Exercise description – Having found the line containing "W164 x D59 x H206cm" in the records below, copy that line and each later one exactly, dropping pictures.

Excerpted data –

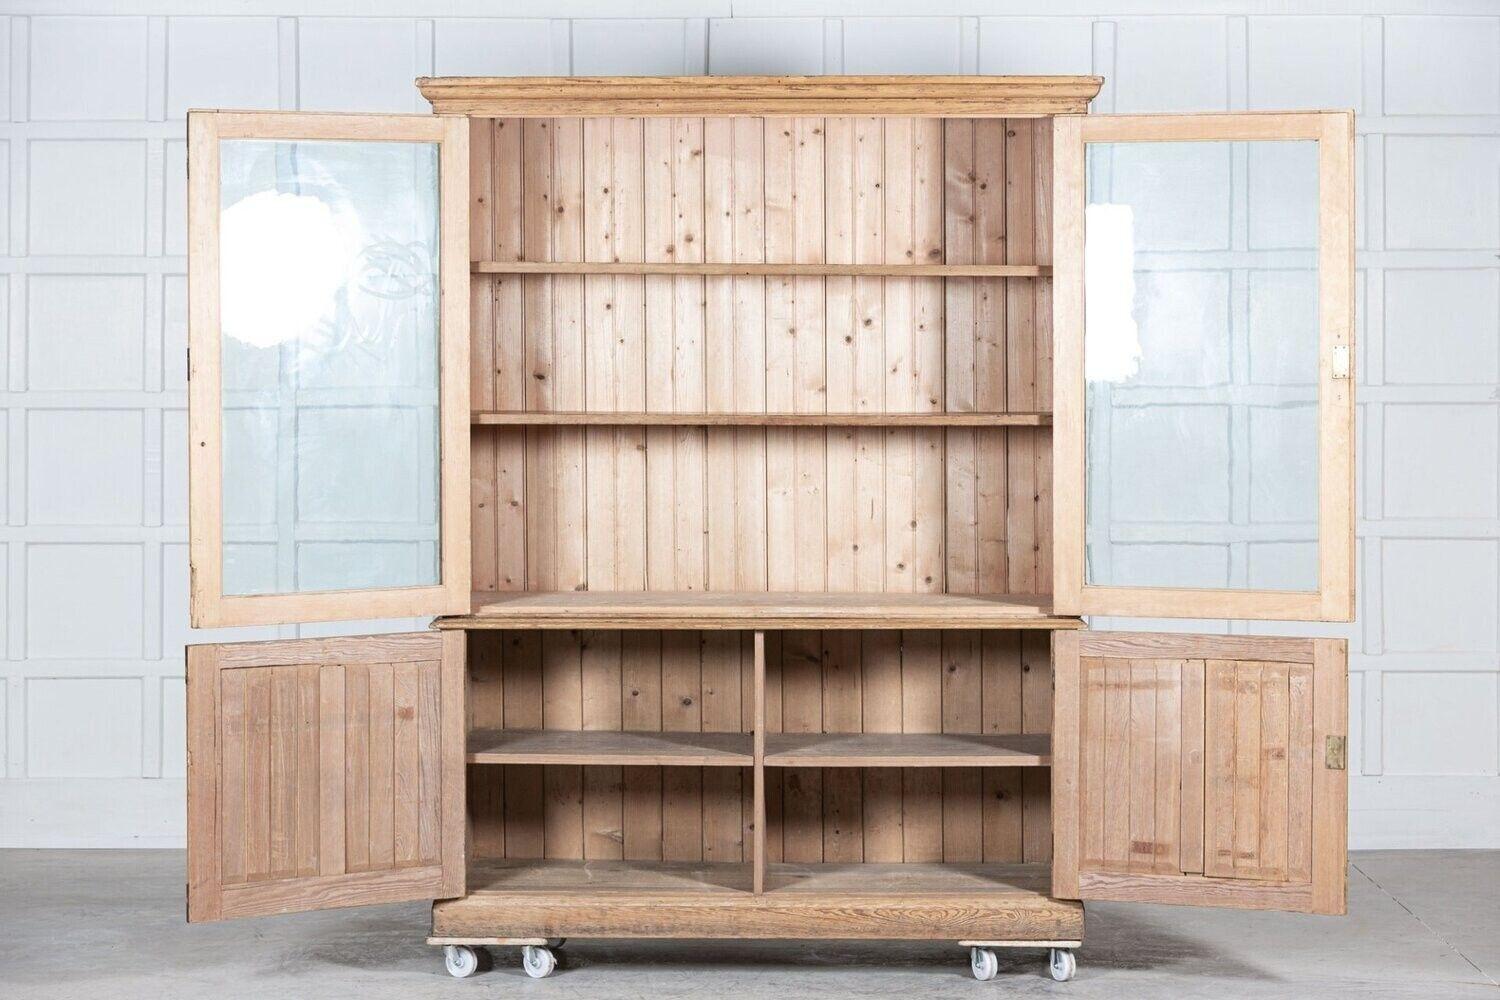 circa 1870
Large 19th C English pine glazed display cabinet / bookcase with key & adjustable shelves.
sku 1216
W164 x D59 x H206cm
Base W157 x D56 x H77cm
Top W164 x D59 x H129cm.
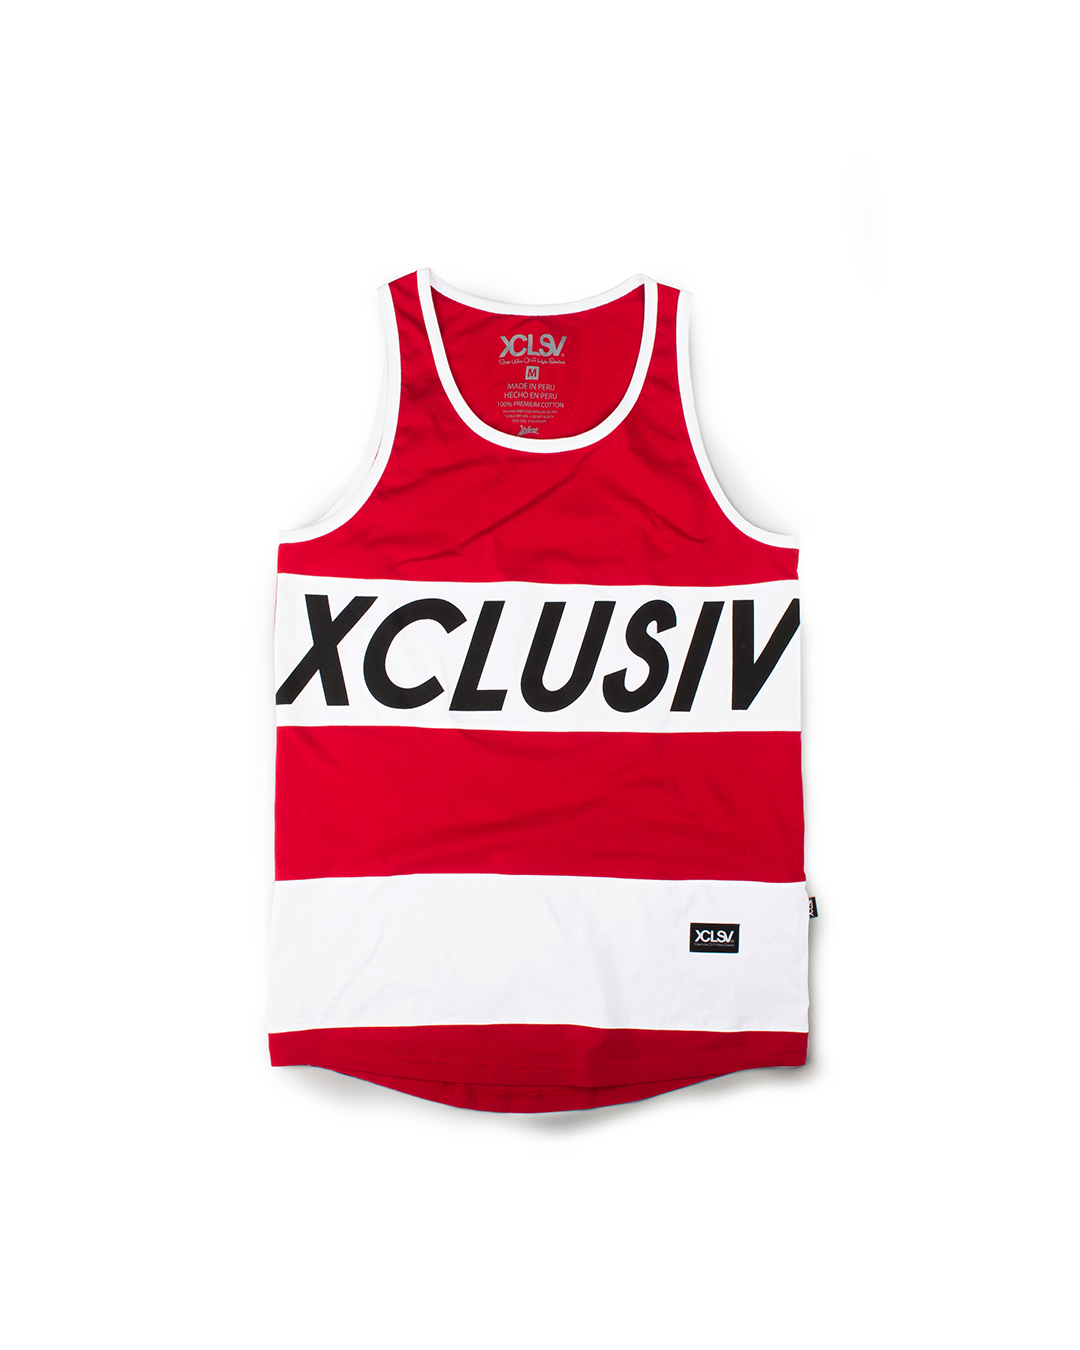 XCLUSIV RED S2 TANK TOP - Xclusiv Clothing Company

Answer –
W164 x D59 x H206cm
Base W157 x D56 x H77cm
Top W164 x D59 x H129cm.
 XCLUSIV RED S2 TANK TOP - Xclusiv Clothing Company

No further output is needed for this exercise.